Binary Tree Pruning

Have an on-line call at 02:30 PM. I believe I am well prepared. Will see how it goes.

Earlier today I selected LeetCode 814 Binary Tree Pruning problem.

We are given the head node root of a binary tree, 
where additionally every node's value is either a 0 or a 1.

Return the same tree where every subtree (of the given tree) 
not containing a 1 has been removed.

(Recall that the subtree of a node X is X, plus every node that is a descendant of X.)

Note:

o The binary tree will have at most 200 nodes.
o The value of each node will only be 0 or 1.

We are given a binary tree whose nodes are holding 0 or 1 as value. We need to prune the BT as described in the requirements. If you are interested in this problem please navigate to the LeetCode web site and read the actual requirements. In addition LeetCode has a set of test cases.

In this post we will solve the problem using the Java programming language on a Windows 10 computer using the VSCode IDE. You can use any of the languages supported by LeetCode and solve the problem on the LeetCode side with the IDE provided.

Since I am going to solve the problem on my computer I will need to generate test scaffolding. Note that such code IS NOT PART OF THE SOLUTON.

/**
 * Definition for a binary tree node.
 * public class TreeNode {
 *     int val;
 *     TreeNode left;
 *     TreeNode right;
 *     TreeNode() {}
 *     TreeNode(int val) { this.val = val; }
 *     TreeNode(int val, TreeNode left, TreeNode right) {
 *         this.val = val;
 *         this.left = left;
 *         this.right = right;
 *     }
 * }
 */
class Solution {
    public TreeNode pruneTree(TreeNode root) {
        
    }
}

The signature for the method in question is as expected. In addition we will be using the TreeNode class to represent and manipulate the binary tree.

1,null,0,0,1
main <<< strArr: [1, null, 0, 0, 1]
main <<<    arr: [1, null, 0, 0, 1]
main <<< bt levelOrder:
1
0
0,1
main <<< pruned levelOrder:
1
0
1


1,0,1,0,0,0,1
main <<< strArr: [1, 0, 1, 0, 0, 0, 1]
main <<<    arr: [1, 0, 1, 0, 0, 0, 1]
main <<< bt levelOrder:
1
0,1
0,0,0,1
main <<< pruned levelOrder:
1
1
1


1,1,0,1,1,0,1,0
main <<< strArr: [1, 1, 0, 1, 1, 0, 1, 0]
main <<<    arr: [1, 1, 0, 1, 1, 0, 1, 0]
main <<< bt levelOrder:
1
1,0
1,1,0,1
0
main <<< pruned levelOrder:
1
1,0
1,1,1


0,null,0,0,0
main <<< strArr: [0, null, 0, 0, 0]
main <<<    arr: [0, null, 0, 0, 0]
main <<< bt levelOrder:
0
0
0,0
main <<< pruned levelOrder:

The input line per test contains a single line with the depth first traversal of the nodes in the binary tree. This technique is typically used by LeetCode to define binary trees.
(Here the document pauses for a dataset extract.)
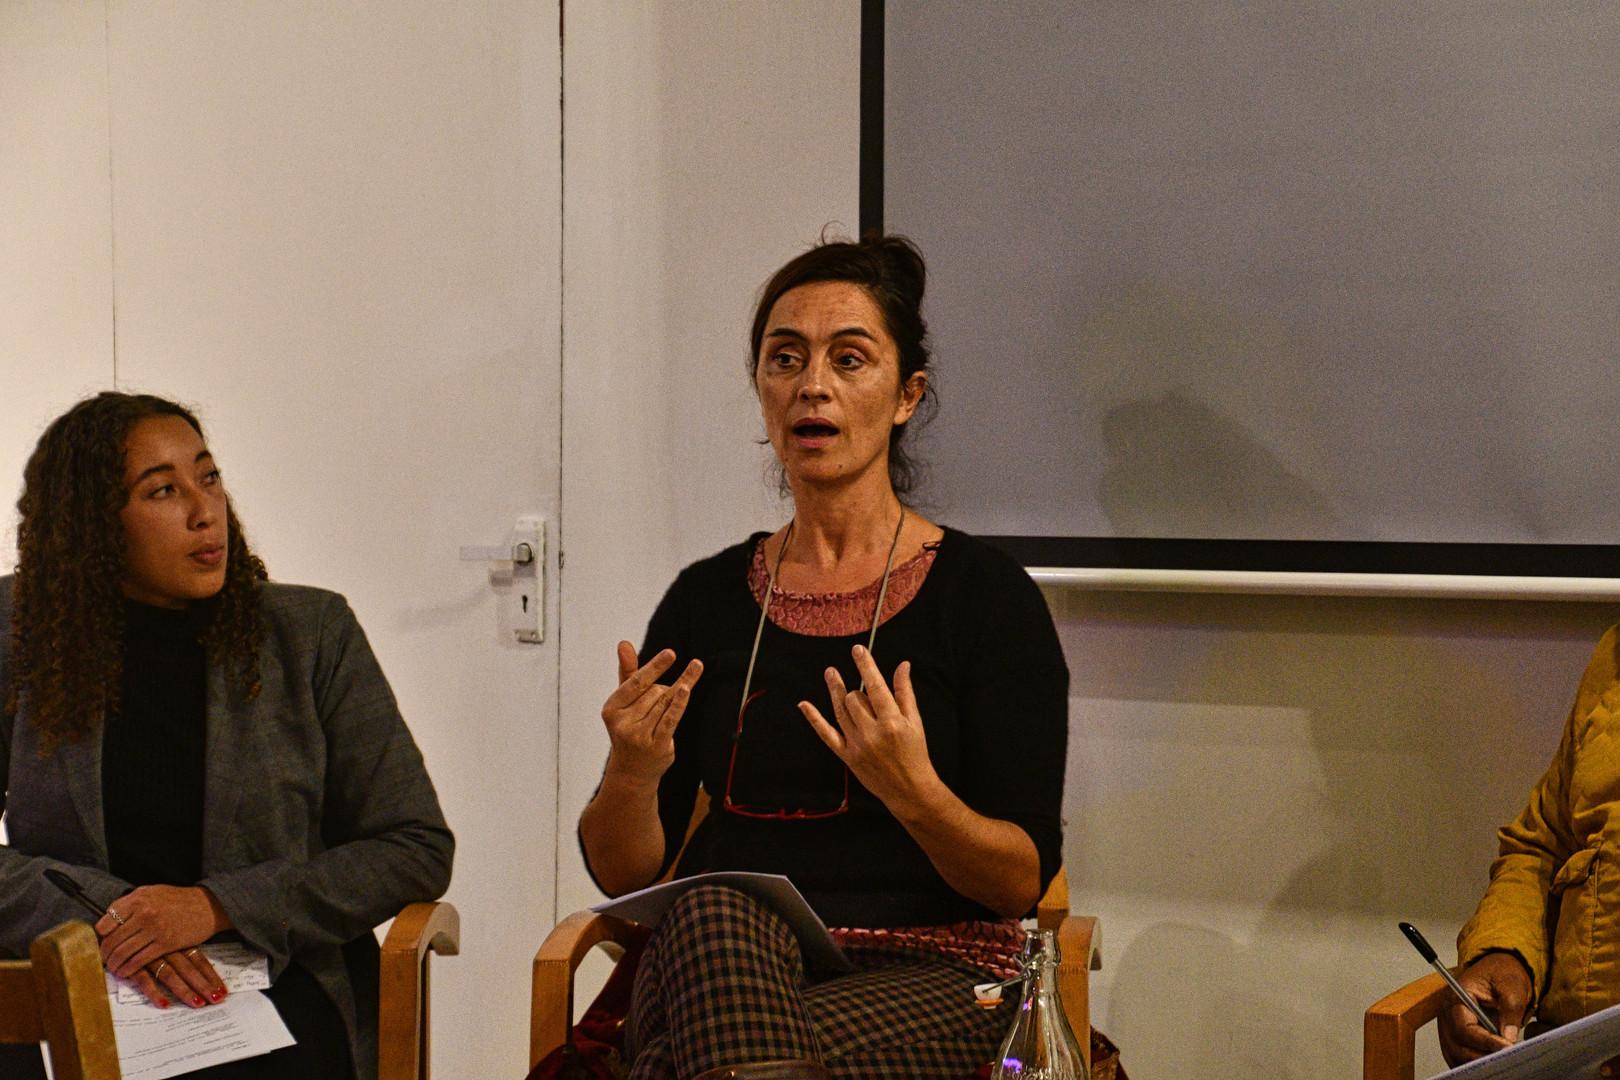 Abi Hutchinson and Misri Dey
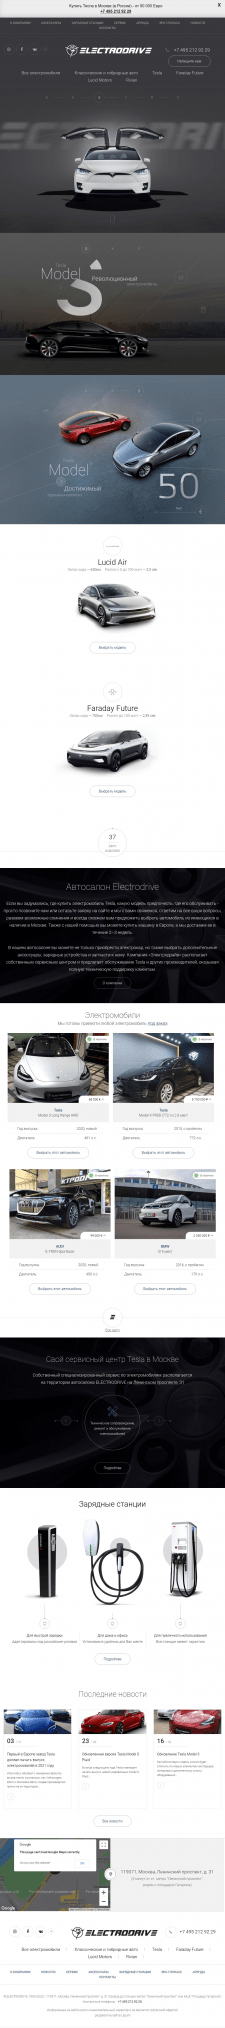 Сайт Тесла

Our test scaffold seems to read and parse the input line. The values are placed in a String[] array. Using the String[] array we appear to create a Integer[] and populate it with the same values. The two arrays are displayed.

We then appear to generate and populate a binary tree with the values from the Integer[] array. The binary tree is displayed in level order. The display seems to match the specified values.

We then seem to make a call to the method in question to prune the binary tree. The resulting binary tree is then displayed.

While looking at the test cases and associated diagrams I noticed the end case in which all the nodes in the binary tree may need to be pruned. I forgot the condition before I submitted the code. After addressing the issue the code was accepted by LeetCode.

    /**
     * Test scaffolding
     * 
     * @throws IOException
     */
    public static void main(String[] args) throws IOException {
        
        // **** open buffered reader ****
        BufferedReader br = new BufferedReader(new InputStreamReader(System.in));

        // **** read String[] with node values for binary tree ****
        String[] strArr = br.readLine().trim().split(",");

        // **** close buffered reader ****
        br.close();

        // ???? ????
        System.out.println("main <<< strArr: " + Arrays.toString(strArr));

        // **** create and populate Integer[] ****
        Integer[] arr = new Integer[strArr.length];
        for (int i = 0; i < strArr.length; i++) {
            if (strArr[i].equals("null"))
                arr[i] = null;
            else
                arr[i] = Integer.parseInt(strArr[i]);
        }

        // ???? ????
        System.out.println("main <<<    arr: " + Arrays.toString(arr));

        // **** create and populate a original binary tree ****
        BST bt = new BST();
        bt.root = bt.populate(arr);
    
        // ???? ????
        System.out.println("main <<< bt levelOrder:");
        System.out.println(bt.levelOrder());

        // **** prune the BT ****
        bt.root = pruneTree(bt.root);

        // ???? ????
        System.out.println("main <<< pruned levelOrder:");
        System.out.println(bt.levelOrder());
    }

The test scaffold seems to follow (what a surprise) our description while looking at the test cases. Note that we create the binary tree using the BST class. Such code is only used in the test scaffold. As usual all the code can be found in the associated GitHub repository (https://github.com/JohnCanessa/BinaryTreePrunning) for this post.

    /**
     * Return the same tree where every subtree (of the given tree) 
     * not containing a 1 has been removed.
     * 
     * Runtime: 0 ms, faster than 100.00% of Java online submissions.
     * Memory Usage: 36.5 MB, less than 77.69% of Java online submissions.
     */
    static TreeNode pruneTree(TreeNode root) {
      
        // **** sanity check ****
        if (root == null)
            return null;

        // **** recursive call ****
        prune(root);

        // **** delete root node (if needed) ****
        if (leafNode(root))
            root = null;

        // **** returned pruned BT ****
        return root;
    }

The idea is to perform a depth first search traversal on the binary tree. We will be checking and pruning nodes.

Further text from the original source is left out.